Художники имеют дело с содержанием бессознательного постоянно. Для них важней визуальный аспект, где прослеживается дегуманизация (не путать с антигуманностью), то есть расчеловечивание образа, привнесение в него приятных дополнений типа крылышек-усиков-хвостиков-кошачьих ушек-вертикальных зрачков. Ну и что в этой дегуманизации такого? - спросит большинство. Это же просто игра, просто детская забава. А те взрослые, кто охотно ее подхватывает и воплощает в сотнях образцов стильного, но вполне дробчибельного глянца - они тоже просто... забавляются.
Ага. А инквизиция просто слегка подогревала желание обвиняемых раскаяться.
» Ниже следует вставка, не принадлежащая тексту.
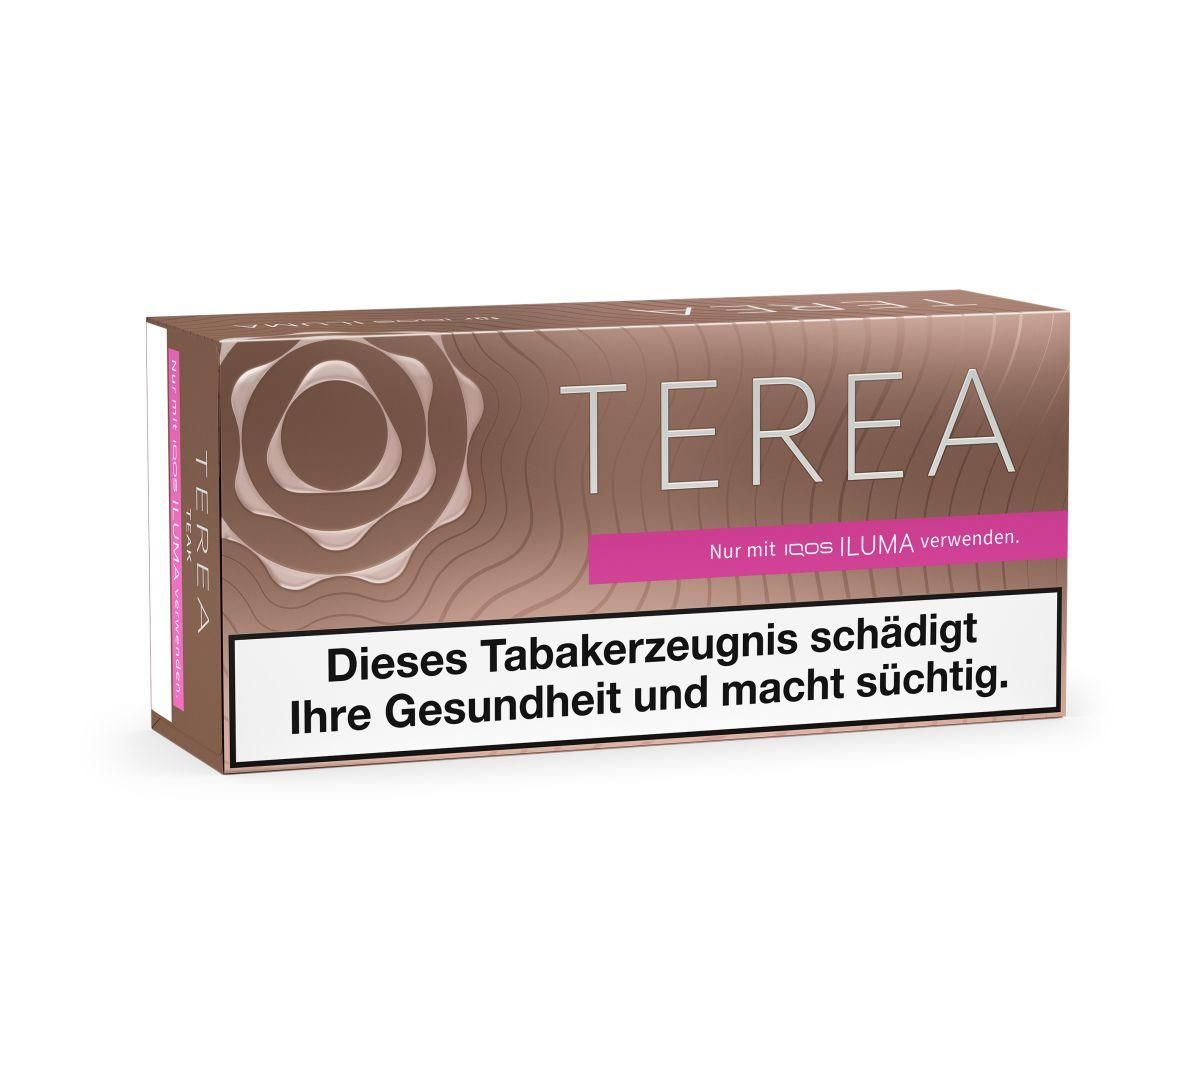 IQOS Terea - Teak Tabaksticks für IQOS ILUMA / ILUMA ONE (20 Stück)

Информационный поток в наши дни уже не река, протекающая по четко определенному руслу, а скорее разрозненные пятачки суши посреди вечно штормящего океана. Но мы, в отличие от опытных островитян, делаем вид, будто твердо стоим ногами на земле, где нам ничего не грозит. Повернулся спиной к океану - и нет его. А то, что с другой стороны этой, с позволения сказать, суши открывается точно такой же вид на океан - ну и что? Зажмурься, шоры надень. Да не нарушит реал твоей психической слепоты.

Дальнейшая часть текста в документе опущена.